The second section of Murder in the Closet, titled “Skeleton Keys,” primarily covers writers from the post-World War II era. However, its opening two essays—James Doig’s on the outré Australian serial-killer novel Twisted Clay (1934), and Drewey Wayne Gunn’s on real-life, 1940s Canadian-American killer Wayne Lonergan and his murder scandal’s influence on crime fiction—focus on precursors to the more explicitly LGBTQ fiction of that period.

Tom Nolan’s “Claude Was Doing All Right” scrutinizes kinder and gentler but still hard-boiled detective fictionist Ross Macdonald’s evolving attitude toward homosexuality, both in his fiction and in his own life, while my “Elegant Stuff … Of Its Sort” details the provocative mid-century crime-fiction career of “Edgar Box,” aka Gore Vidal.

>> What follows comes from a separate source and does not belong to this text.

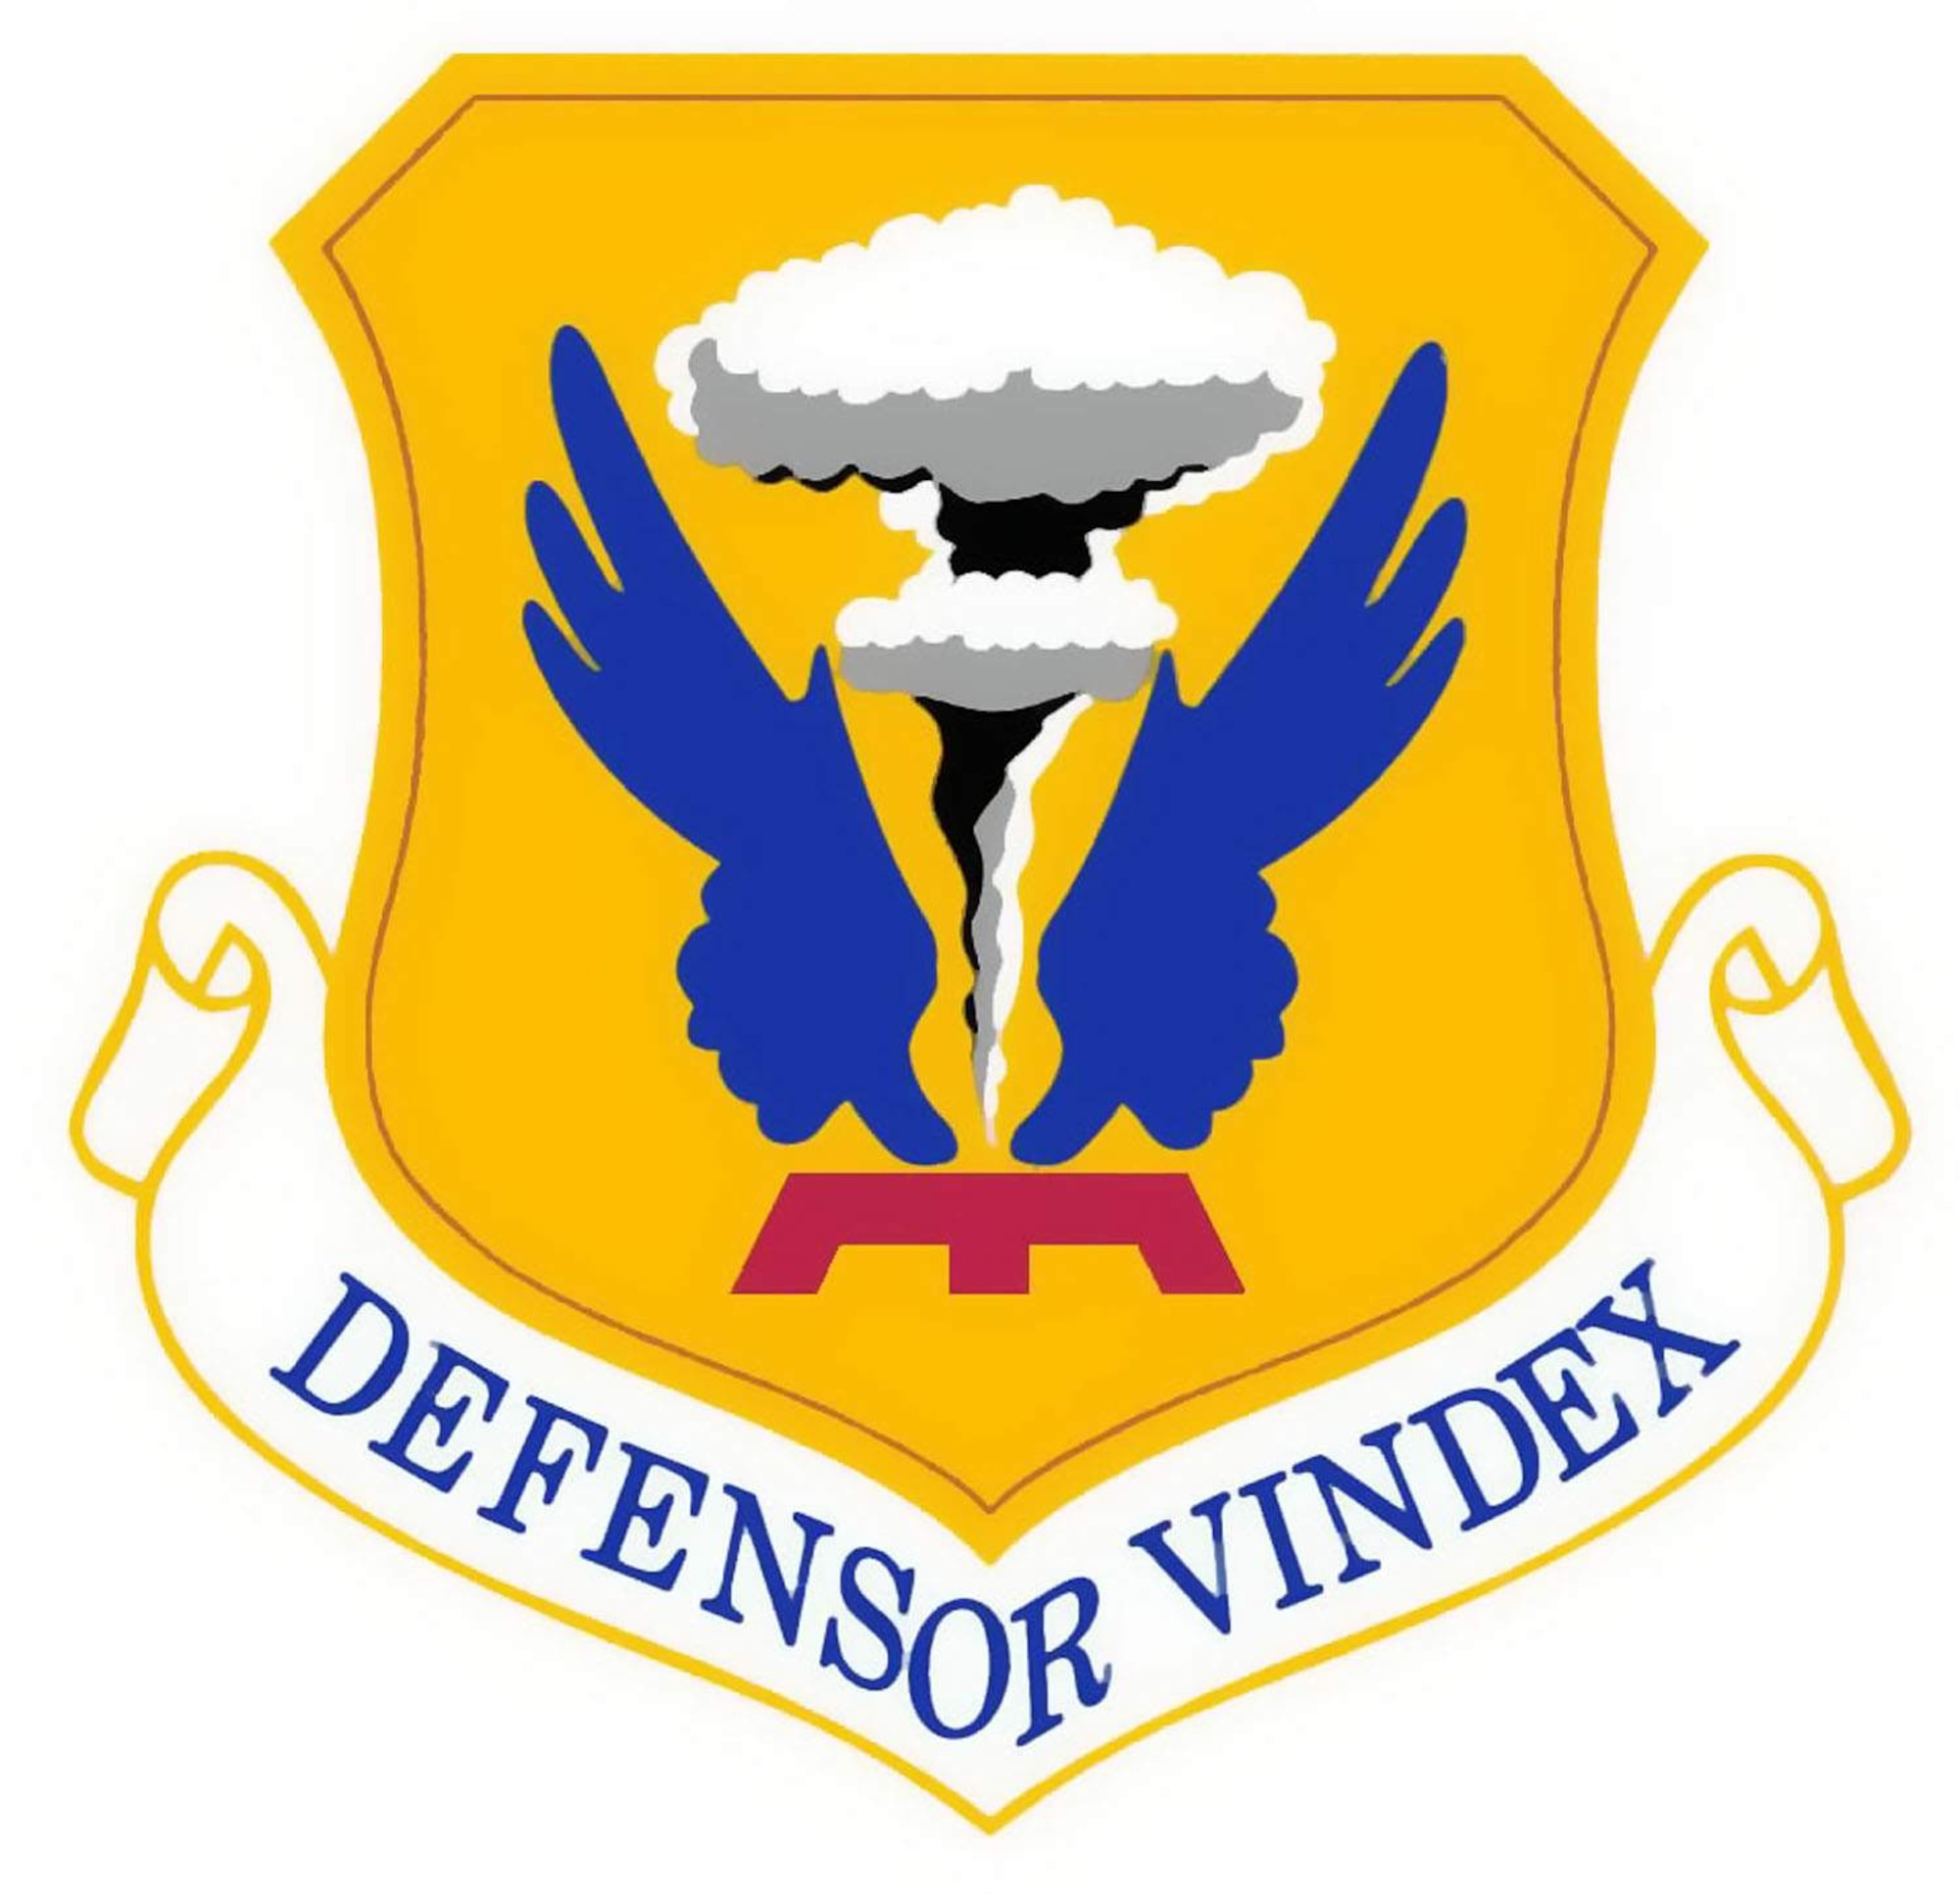 509th Bomb Wing shield (U.S. Air Force illustration)

Going back across the pond to Great Britain, J.F. Norris’ “Adonis in Person” studies the crime fiction of gay man of letters Beverley Nichols, while Bruce Shaw’s “More Than Fiction” spotlights the life and writing career of iconic lesbian Nancy Spain. Finishing the collection are three essays—by Nick Jones, Josh Lanyon, and again, Norris—on the writers Patricia Highsmith, Joseph Hansen, and George Baxt, whose fiction reflected cultural changes as the world moved toward Stonewall. Mystery fiction certainly was not in Kansas anymore, if you will—though in truth it never really quite was, despite Marie F. Rodell’s admonishments.

I am very proud of Murder in the Closet and I think the essays it contains make a significant contribution to LGBTQ history, mystery genre history, and cultural history in general. I hope mystery-fiction fans will give it more than a passing glance.